7. Conclusions There are two quotes that concern the future and current threat level of the discussed attacks. Firstly in relation to the potential future weakness: “our results demonstrate that the more distinguishable two individuals are, the more successful the perfect matching is. This leads us to conclude that the matching risk will continuously increase with the progress of genomic knowledge.” A few points should be considered in regard to this quote: 1.The authors do not mention the probable increase in number of genomes being sequenced and shared that is associated with genomic research development. It is seen in their perfect matching results that the greater the genome database the lower the matching performance. Will this cancel out the advantage of the increase in genomic knowledge? 2.The likelihood of an Identification Attack vs Perfect Match.

8. “serious” “currently” Secondly they describe the situation as: “our results demonstrate the serious de-anonymization threat currently posed to individuals sharing their SNPs in genomic databases” This is the core focus of my presentation. I consider the attack performance as currently too low to be nervous. It is possible that future attempts after further genomic development will increase this risk. Claim: Even if the attack success was higher it is unclear if this will effect discrimination based on the results.

9. Certainty of Identification Unlike other attacks the attack cannot be repeated until a desirable verified outcome is achieved, because how does one verify that they have the right match. Following from this, since the purpose of the attack is not purely for identification means, as suggested it could be used to discriminate against the individual. Intuitively the accuracy of the match may have to be considerably higher than it is because the majority of people will be less likely to ‘discriminate’ if they are unsure about the match.

10. Legal barriers The skill and effort required to carry out such an attack would deter a lot of people. Counterpoint: if this was provided as a service, almost like a background check then people would not need the skills to do the job themselves and essentially it would be easy access to this sensitive information if you had the money for it. Counter-counter: With various laws surrounding the privacy of these genomes, would such a service ever be openly available to the general public without having legal action taken? Note: How could any information obtained illegally be used in any obvious way, where reasoning for the actions needs to be explicitly stated e.g. many types of insurance.

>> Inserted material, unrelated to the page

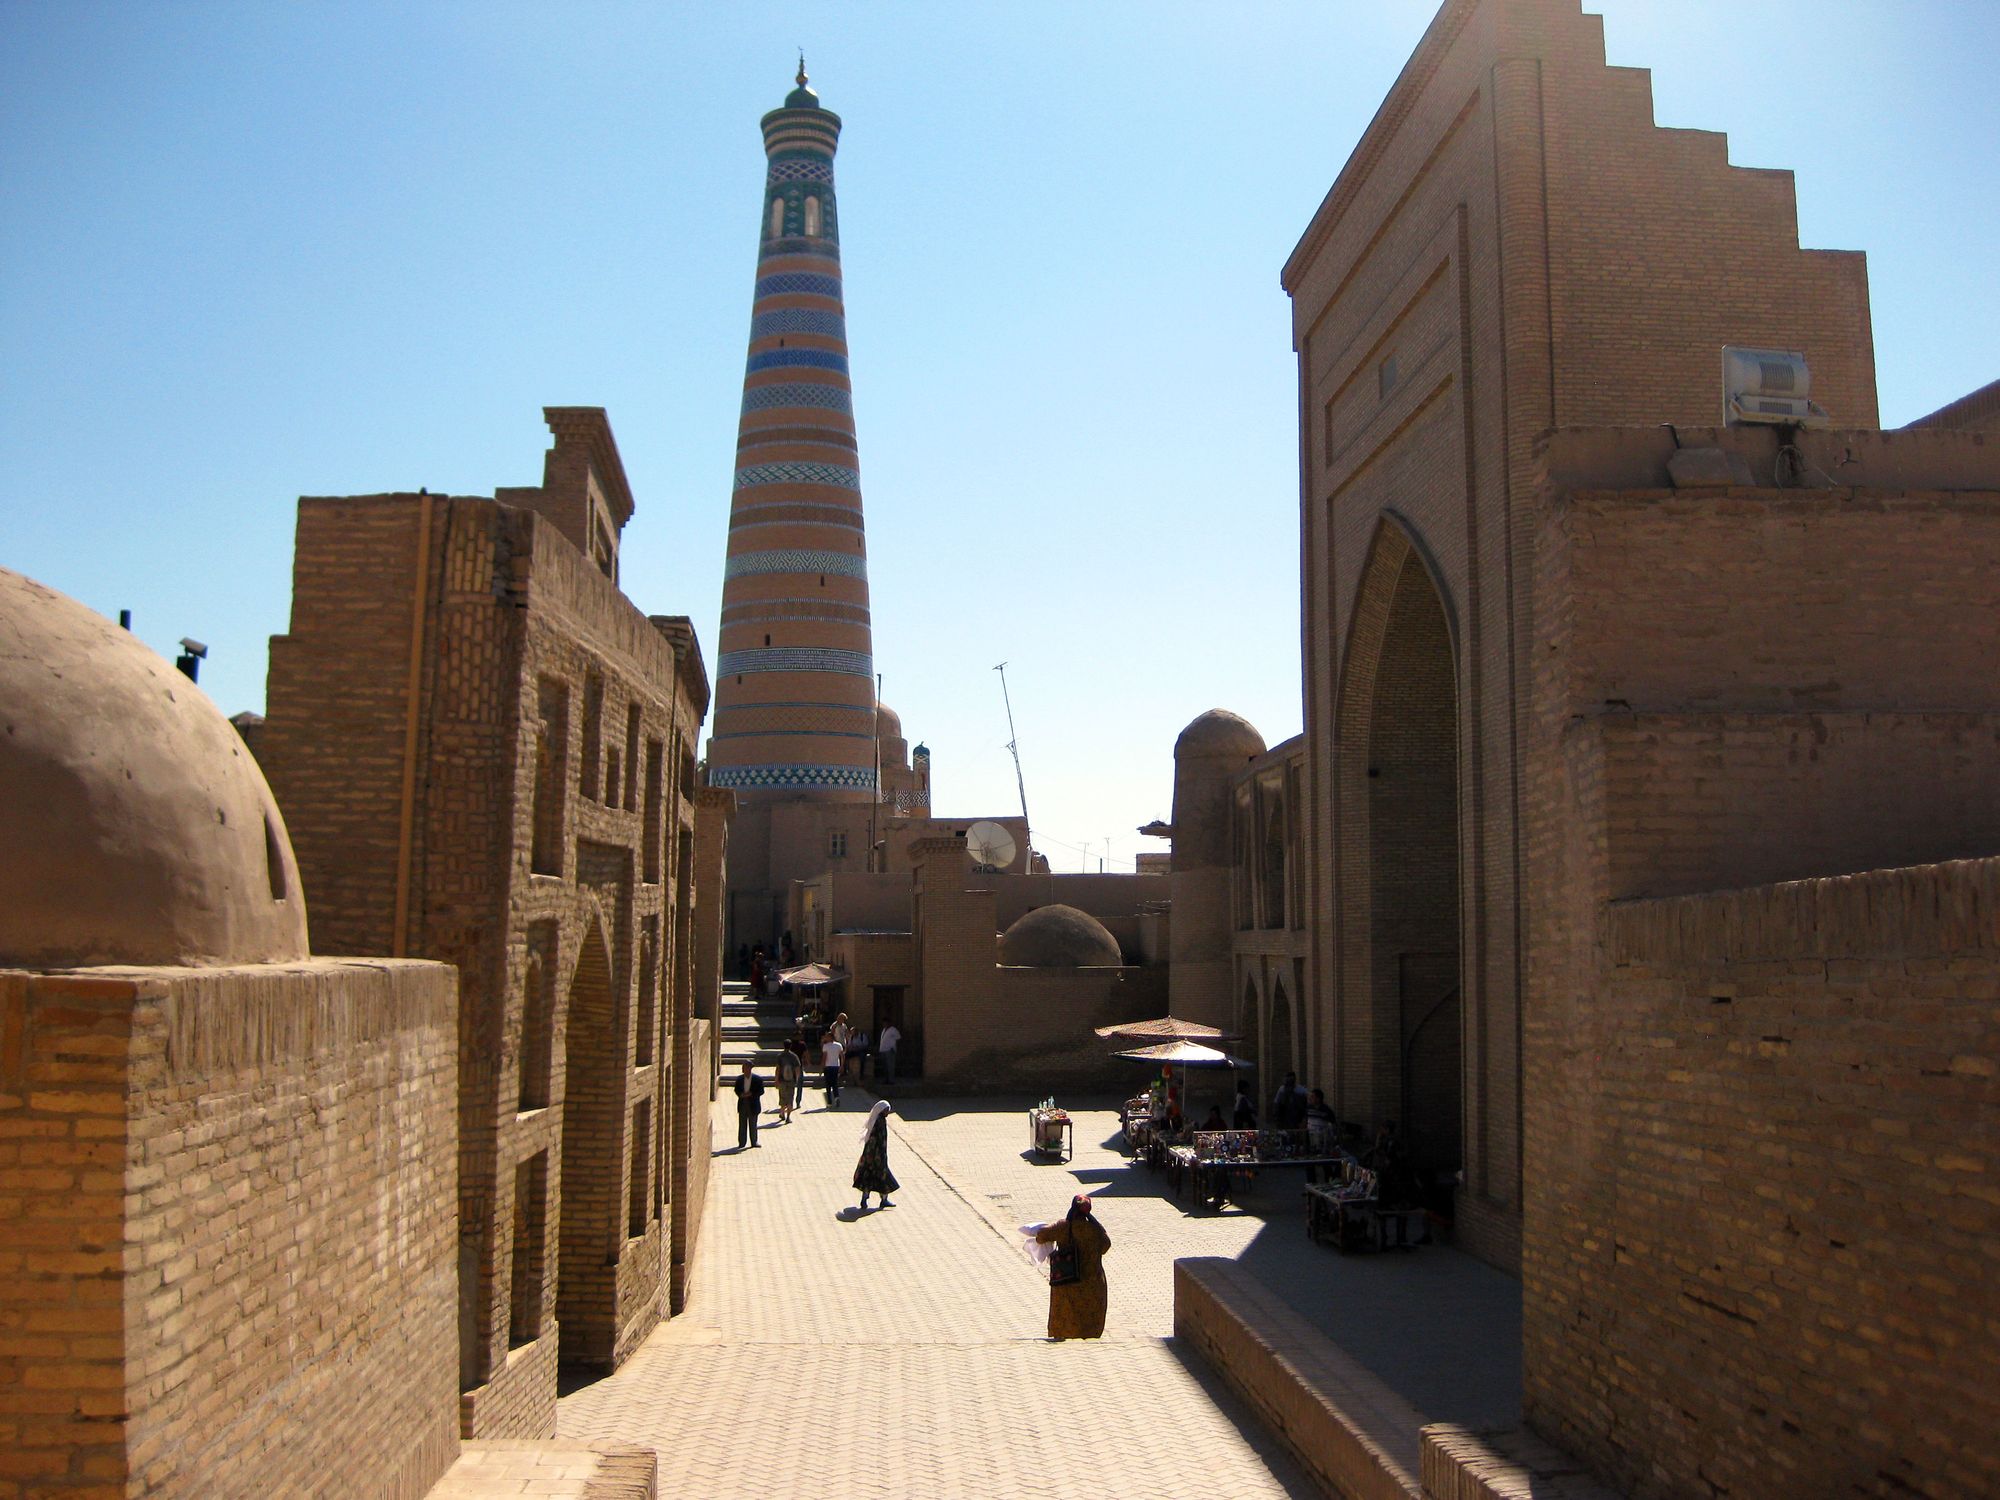 Khiva: In the court of the khan
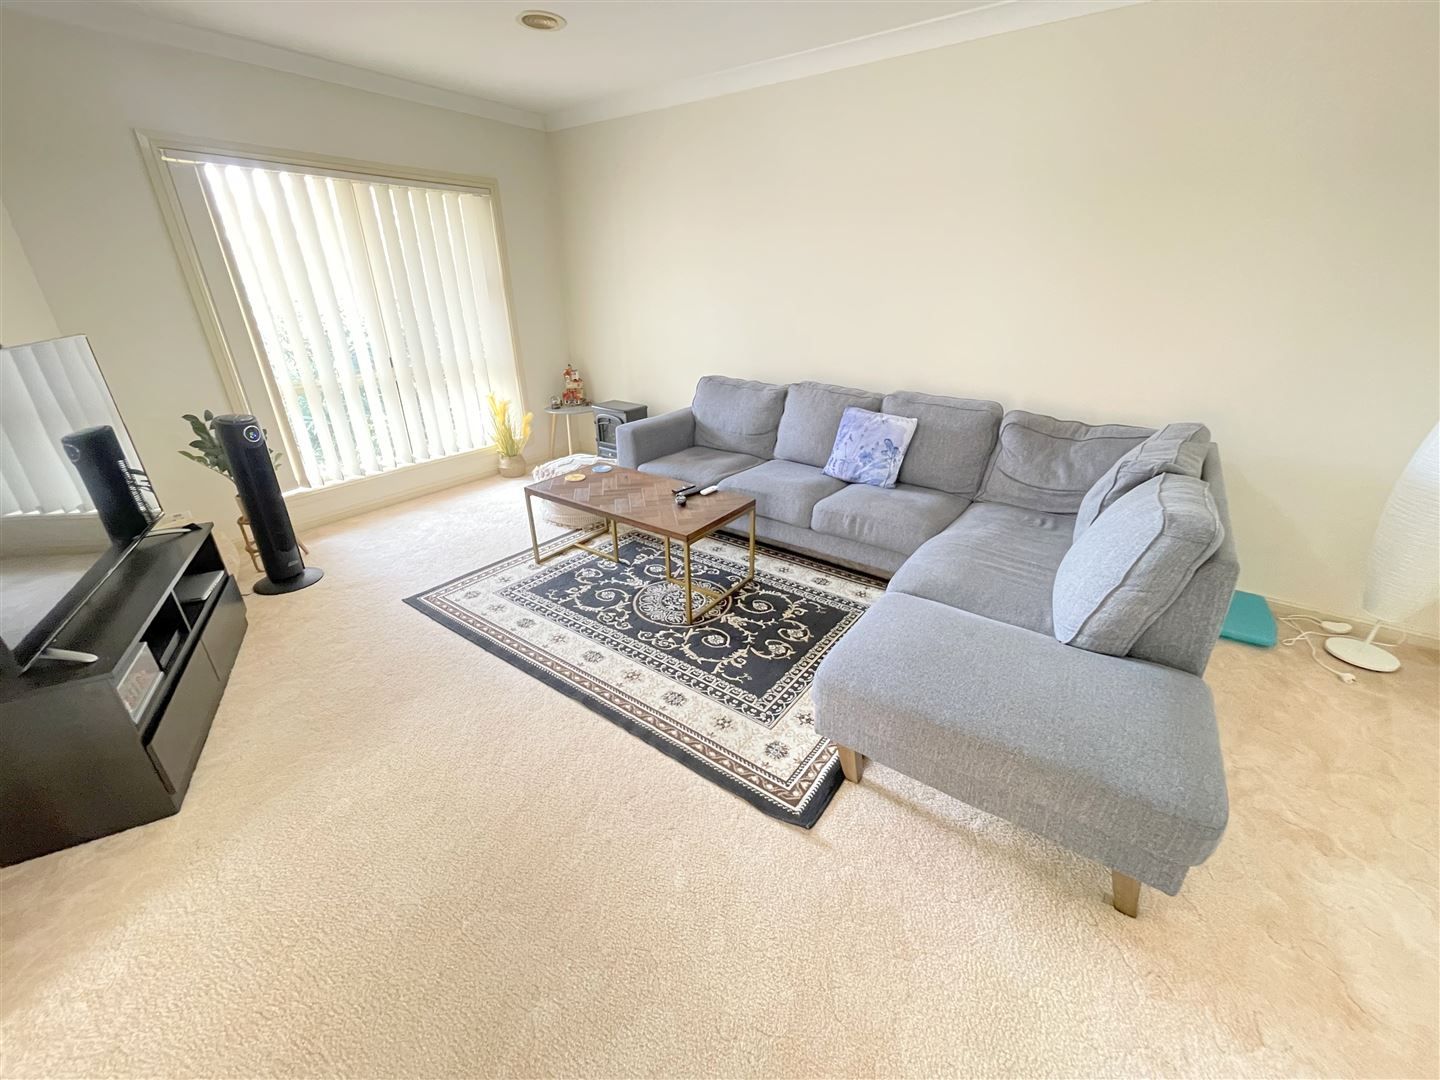 3 bedrooms Apartment / Unit / Flat in 16A Robrick Close GRIFFITH NSW, 2680

11. Motivation It may be idealistic to think that people are generally becoming more accepting of each others differences, but I think this plays a part in the threat of attack. It would be different if exposing this information had a clear personal gain to the attacker but the attack appears to only effect the person being de-anonymized. If a ‘vigilante’ attacker were to de-anonymize multiple genomes and make them public then anyone viewing this information may unknowingly ‘discriminate’. I cannot see a reason one might do this?

12. Last remarks Ultimately I am not concerned about this implementation method posing a current threat to genomic privacy. This is not to say that future developments in both the attack and genomic research will not increase the threat. This is entirely possible but does not override the conclusions made in this paper concerning the current threat level.